Expand my Community achievements bar.

Guidelines for the Responsible Use of Generative AI in the Experience Cloud Community.
SOLVED

Using jcr:score ,we are not retrieving search results with highest occurrence

Avatar

Level 2

Hi All,

We are using AEM6.5 and trying to achieve search results with highest word count(ex:insurance) on top in descending order but we see the results(webpages) displayed randomly .

Ex: Using QueryBuilder Debugger

path=/content/<project-path>
type=cq:Page
fulltext=insurance
orderby.sort=desc
orderby=@jcr:score

 Please suggest how to achieve word with highest occurrence in page to be listed on top in search results using sql2. 

 

Thanks in advance.

1 Accepted Solution

Avatar

Correct answer by
Community Advisor

Hi @GanaG,

This is correct behavior. In your example you are referring to occurrence of word equipment in browser, but what you can see in browser does not mean that is content of this specific page. Let's have a closer look on this one


where as http://localhost:4502/content/we-retail/ca/en/products/equipment.html which is displayed next shows 22 occurrence of "equipment" word .

If you will go to crx you will see that this page contains only 2 occurrence of word equipment not 22. Other occurrence you can see in the browser is content from other pages that are referenced via Product Grid component.

I do not think this is correct way to recognize how many times specific word is used, you should rely on what is inside nodes in crx instead.

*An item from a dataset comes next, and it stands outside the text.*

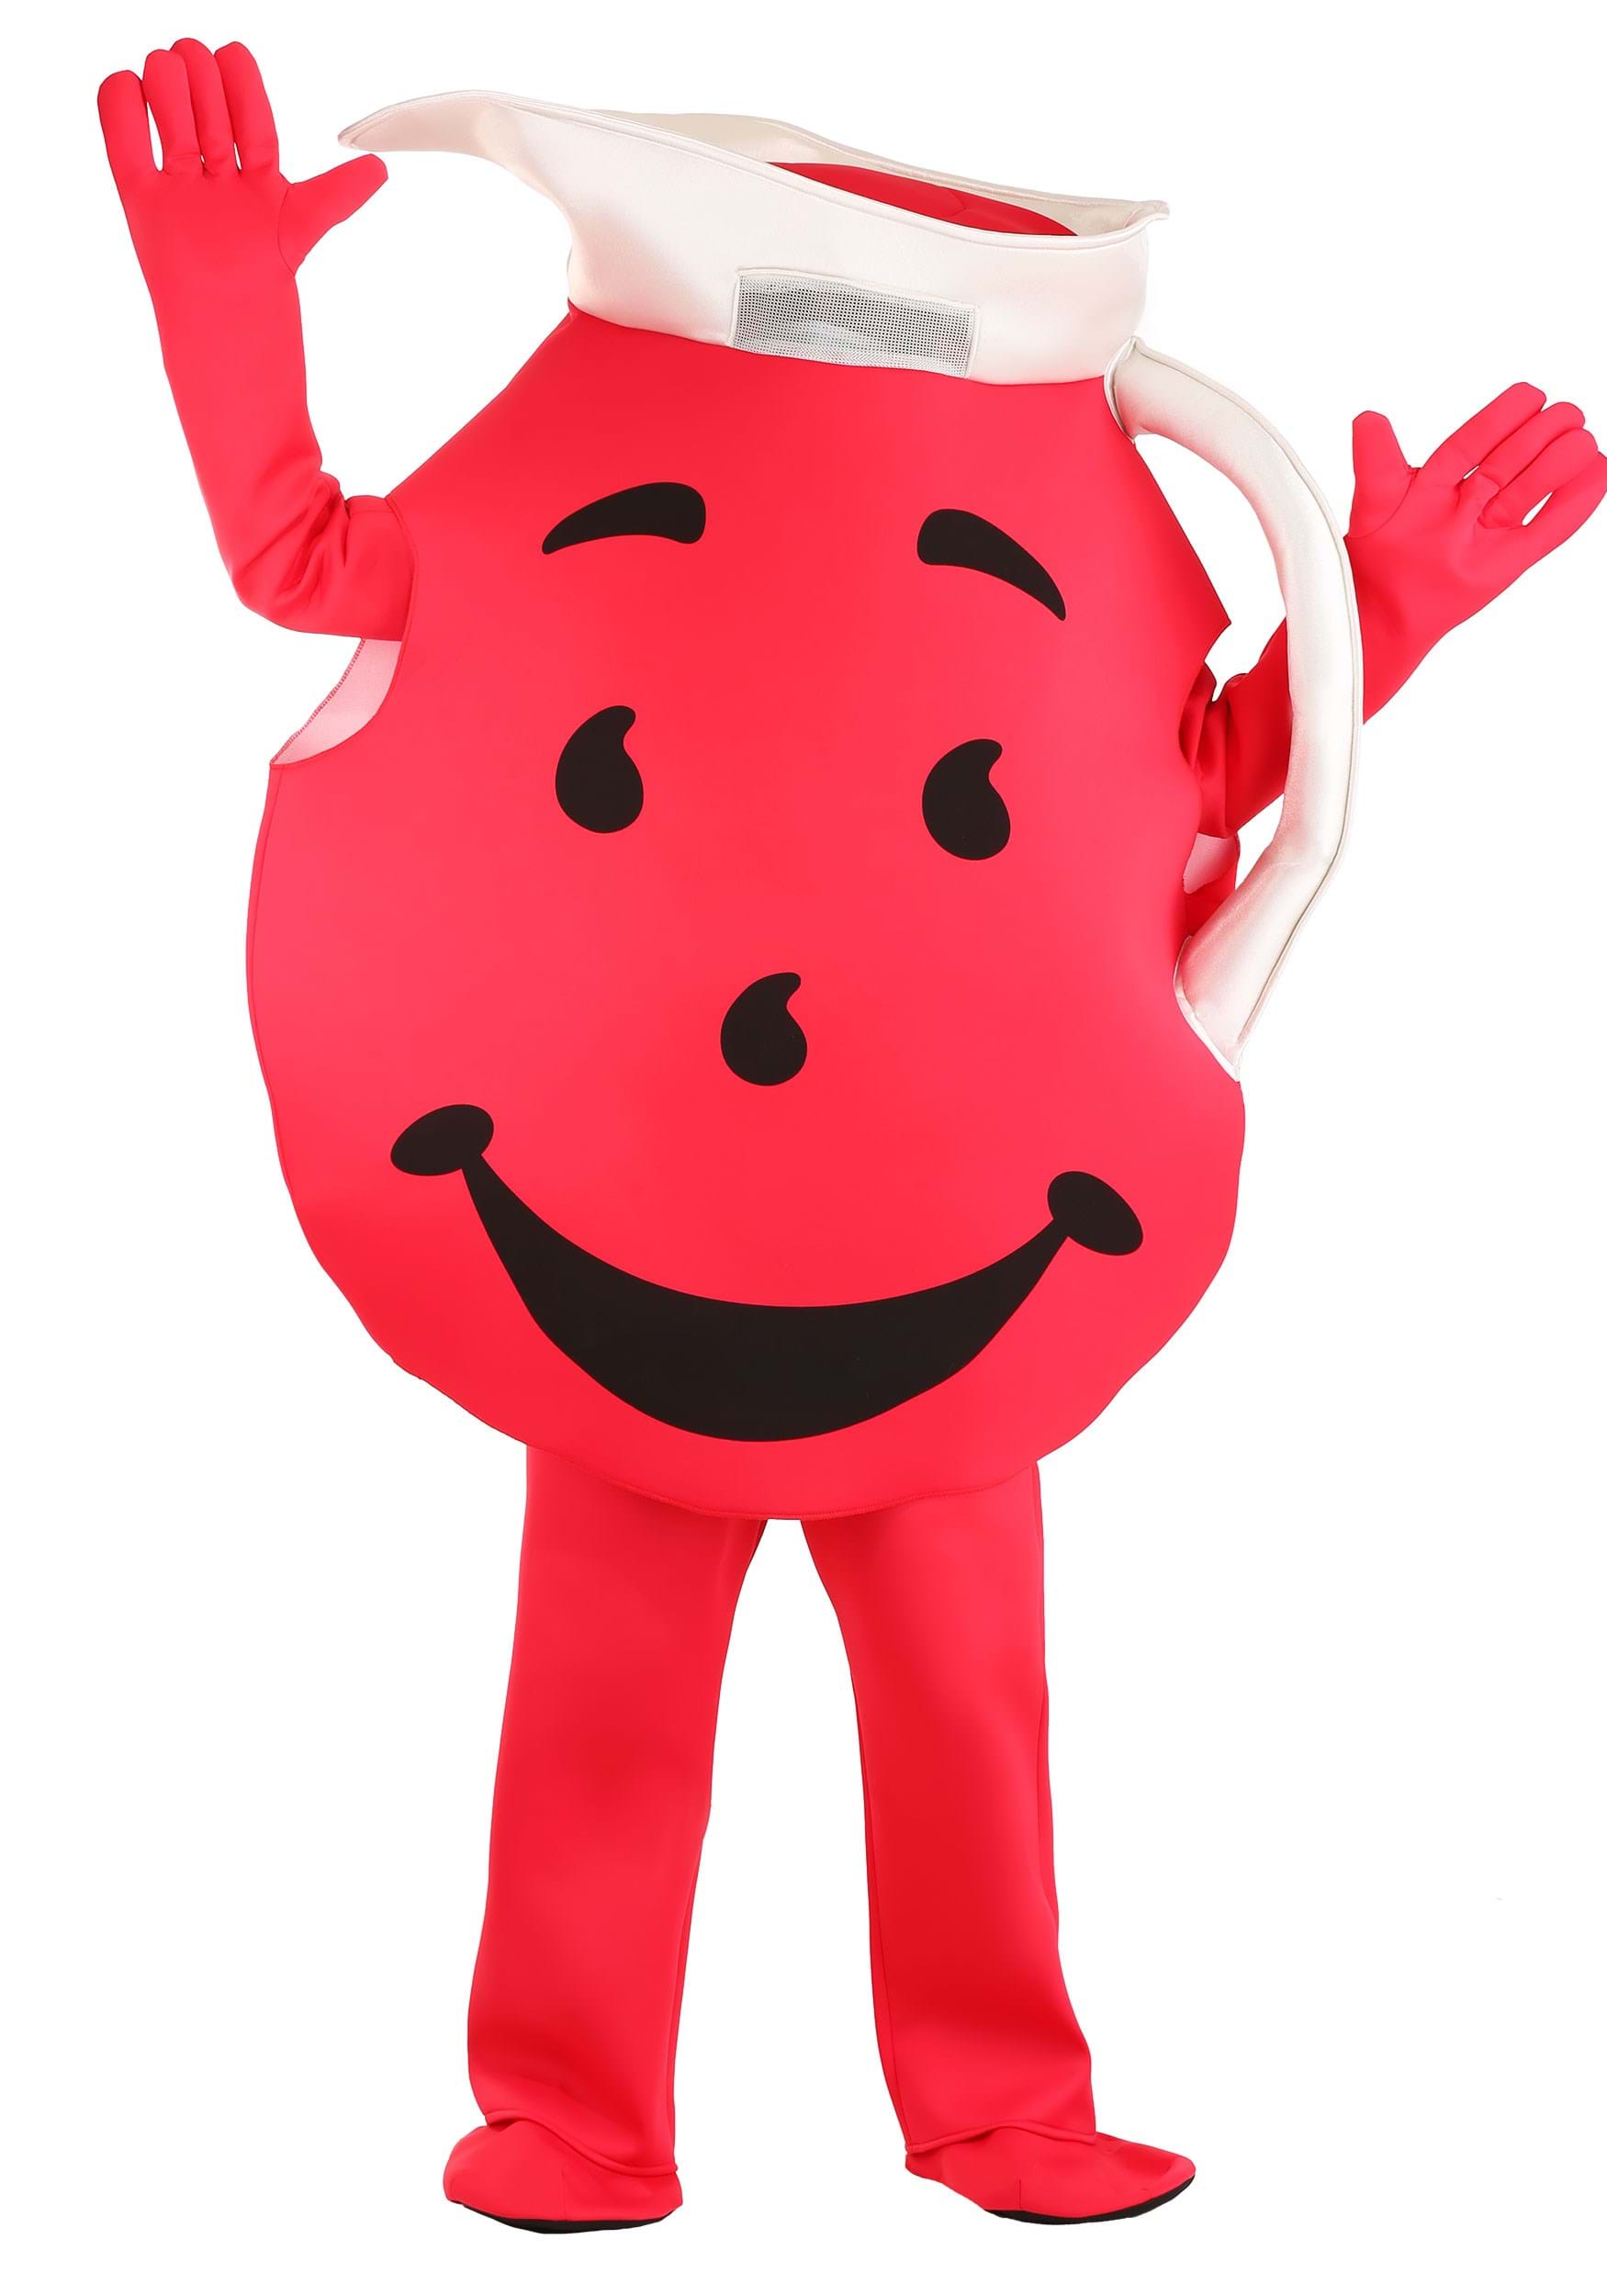 Image of Morris Costumes Adult Kool-Aid Deluxe Costume | Funny Adult Costumes

It's because this is used to build index, not values that can be seen on final page.

I have used simple SQL2 query for given scenario:

SELECT * FROM [cq:Page] AS s WHERE ISDESCENDANTNODE([/content/we-retail/ca/en]) and CONTAINS(s.*, 'Equipment') 

And it's giving proper results when we look what's in the repository. In terms of SQL2 query itself, you do not have to add explicitly ORDER BY [jcr:score] DESC because this is default behavior, URL to documentation that describes this:

If you want to control order of results you can utilize boost option in your index:

View solution in original post

5 Replies

Avatar

Level 2

Hi @Himanshu_Jain 

We have tried the same but the results are not consistent.

Please try below:

http://localhost:4502/libs/cq/search/content/querydebug.html?_charset_=UTF-8&query=path%3D%2Fcontent...

Result which is displayed first shows 6 occurrence of "equipment" word in browser

http://localhost:4502/content/we-retail/ca/en/equipment.html 

where as http://localhost:4502/content/we-retail/ca/en/products/equipment.html which is displayed next shows 22 occurrence of "equipment" word .

last result shows 1 occurrence of "equipment" word http://localhost:4502/content/we-retail/ca/en/experience/arctic-surfing-in-lofoten/jcr%3acontent/roo...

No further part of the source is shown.